The history of how this film even got made is one that most people aren't even aware of. The initial books, and their are ten of them, were written in the early 1900's and were written in the language of the day which is very hard to understand today, so the books make a very good read.

The original screenplay was written in the late 70's and presented to various studios, none of which was interested except Warner Brothers. They picked it up and were going to originally make it an animated adventure. But back then, even the best special effects were lagging far behind, and Warners didn't want to do a live action film and be compared with "Star Wars".

"A Princess of Mars" sat on the shelves for almost 25 years before being rescued by Andrew Dalton, who was familiar with the plight of this movie. He saw a lot of promise that if done correctly could forge a new franchise in Disney catalog of films.

Doing some re-writing and a couple years of testing for CGI versus animated effects, Dalton came up with a workable script, and though it takes a lot of liberties with the John Carter books, such a the timeline of the stories, he presented a script to Disney that they could back.

"A Princess of Mars" slowly became "John Carter" and this past weekend we were treated to, in my opinion, one of the best movies to come out of Disney in a long time. Where this movie fails is the Disney publicity department didn't know how to promote this film. So they just did their usual thing of releasing a couple of teaser trailers, and then three full-length trailers and hope that word of mouth would spread about this movie.

Critics have been unkind toward "John Carter" because they aren't quite sure what that saw on the screen. So rather than be original with their critique of the movie they just reverted back to their opinions of most of the 'bad' Disney films of the past years.

I have seen both the IMAX 3-D and regular theater 3-D and later today I am going to see the 2-D presentation, because I loved this movie, and it is one of those films that you want to watch over again, the minute the credits begin to roll. I cannot wait for this film to come to Blu-ray, it will be at the top of my 'must-have' list until then.

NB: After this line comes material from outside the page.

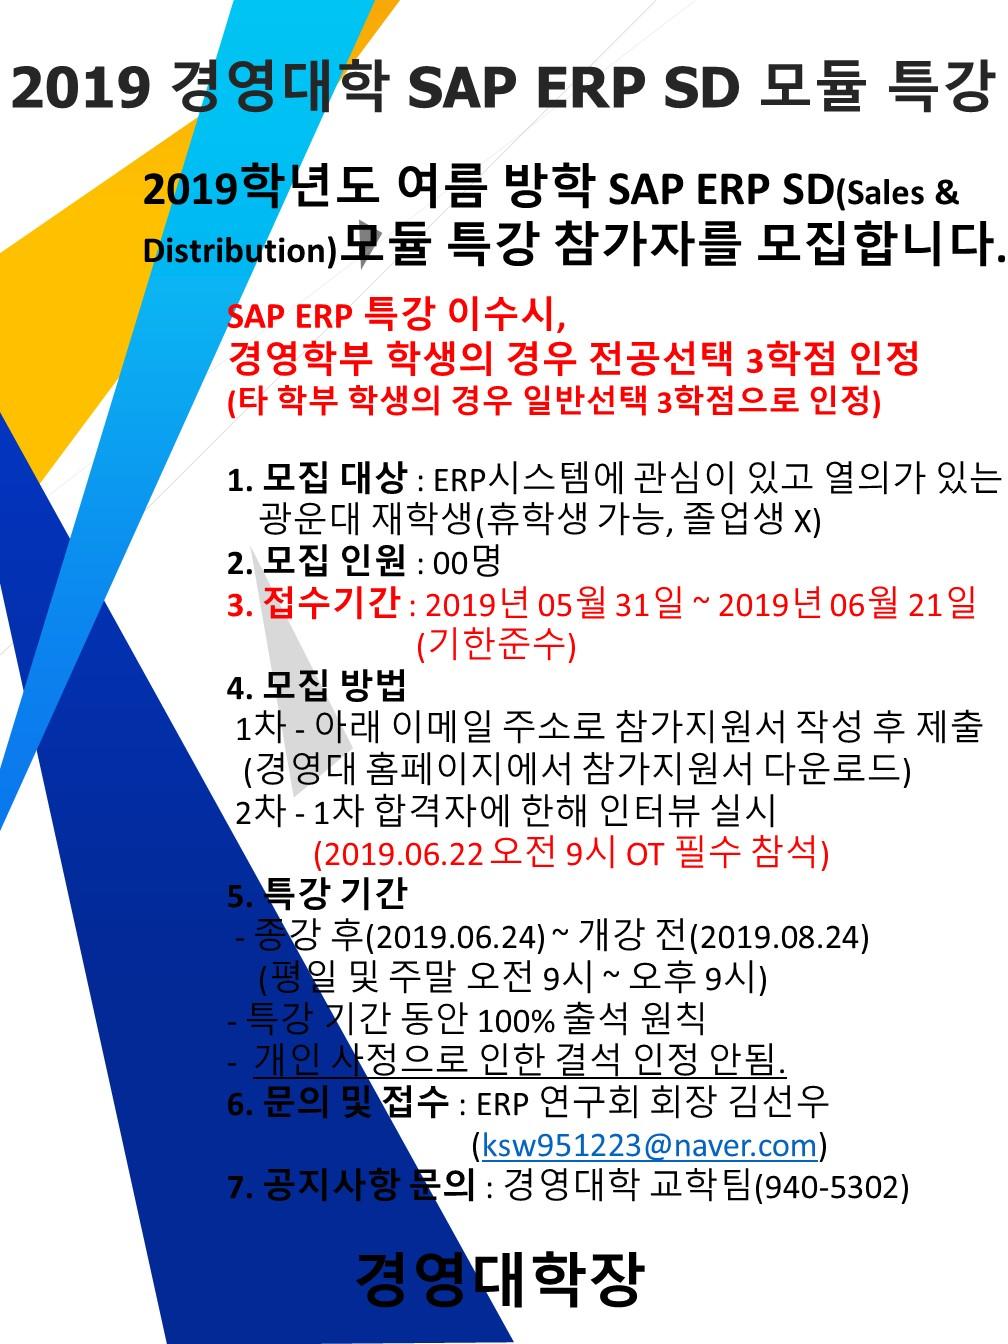 2019_ERP_SD_특강_공고문.JPG

Friday's box office reports were not very good, around $9 million just for one day, which means if it does that each of the three days it might be considered a 'bomb' for Disney studios. I hope not. I hope word of mouth about how really good this film is will get around and we will see it blossom at the box office. The film cries for a sequel at the end, and I hope that Disney doesn't give up on this and does make a second "John Carter of Mars" movie. I would love to see it.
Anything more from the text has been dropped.